Loneliness – down to social media or human nature?

Alone

Loneliness – down to social media or human nature?

A report released this month by counselling organisation Relate gives some sad and worrying statistics about just how many people in the UK feel alone, with one in five of us experiencing loneliness and one in eight saying they have no close friends at all.

Particularly notable is that young people appear to be the most isolated of all, with nearly a third (32%) of people aged 16 to 24 admitting they always or often feel lonely, compared to just 11% of over-65s experiencing similar feelings.

People will have their own theories as to why people in young adulthood with their whole lives ahead of them appear to be experiencing more loneliness than those often in retirement homes or living alone following a bereavement. The Daily Mail has presented the information in a way that suggests social media is a significant factor in young people’s loneliness, but there is no evidence of this in the piece other than anecdotes from a quoted counsellor. The Relate report makes no mention of social media in its finding.

The Mail, which was recently deemed to be “generally unreliable” by reference website Wikipedia, has something of a tendency to play on hearsay and people’s fears and come to conclusions that are often dubious or plain inaccurate.
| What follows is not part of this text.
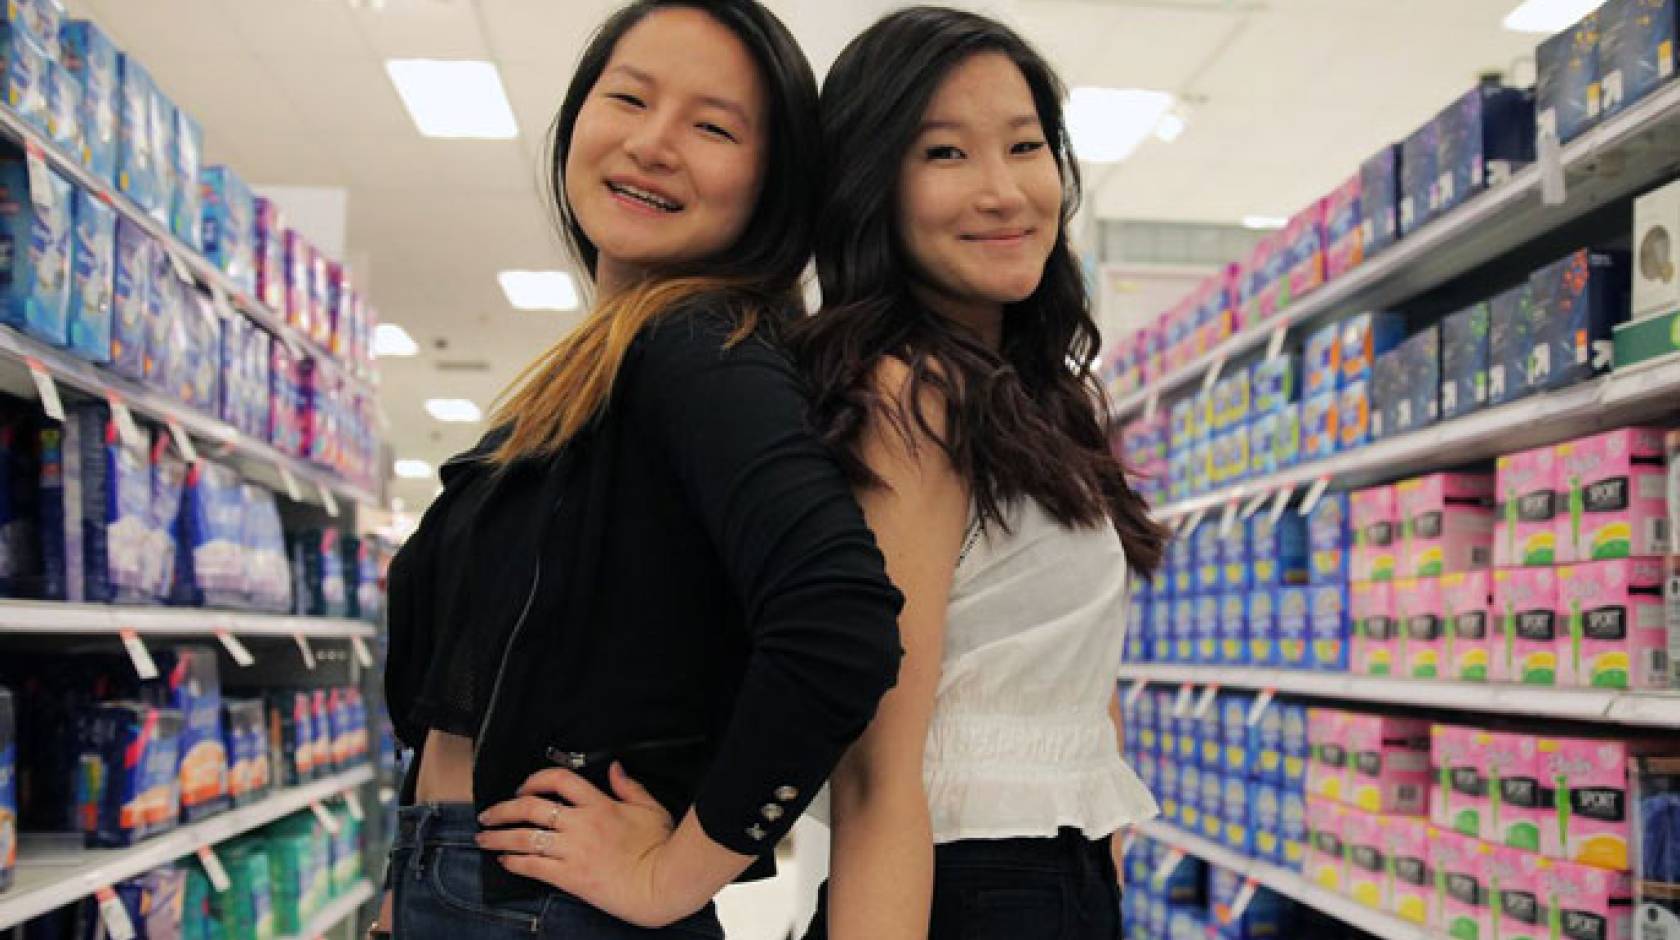 Lee sisters pose together in the feminine products aisle of a store

With 45% of the newspaper’s print readership being aged 65 or older (compared to only 21% for both The Guardian and The Financial Times), it’s perhaps not surprising that the study is reported in a way that implies that older people are generally coping better with loneliness than their younger counterparts, and that social media, which is only used by a quarter of over-65s, is to blame.

There’s no doubt that social media can leave us feeling bitter, frustrated, jealous and, yes, lonely. Everything people say on it is boastful. It’s all ‘look where I am’, ‘look what I’m doing’, ‘read what I’m saying – isn’t it witty, profound and insightful?’ Social media users only share the highlights of their lives, projecting what French psychoanalyst Jacques Lacan might have called their ‘Ideal-I’.

Nobody uses Facebook to tell us that they’re eating a Pot Noodle and watching The Jeremy Kyle Show, or if they do it will be in a humorously self-depreciating way that ultimately comes back to egocentricity and attention seeking. Undoubtedly, sites like Facebook can cause us to look at other people’s lives and feel socially inferior, or see all sorts of political and social murmurings we don’t agree with and then feel loneliness in a ‘nobody understands me’ kind of way.

Social media, however, is just a by-product of youthful living, and I wonder whether the real reason young people feel lonely is because of the human nature of being at that age. Personally, I felt at my loneliest between the ages of about 14 to 20, and we didn’t have social media then. What we did have then was the same impressionable, vulnerable teenage minds that scientists know of and regularly study.

Sites like Facebook and Instagram give us instant exposure to the most glamorous aspects of other people’s lives, so it’s no wonder they can increase loneliness. To blame them for young people’s feelings of isolation, however, is lazy and is failing to deal with the root cause of loneliness – the human psyche – and is neglecting the often serious repercussions of feelings of inferiority.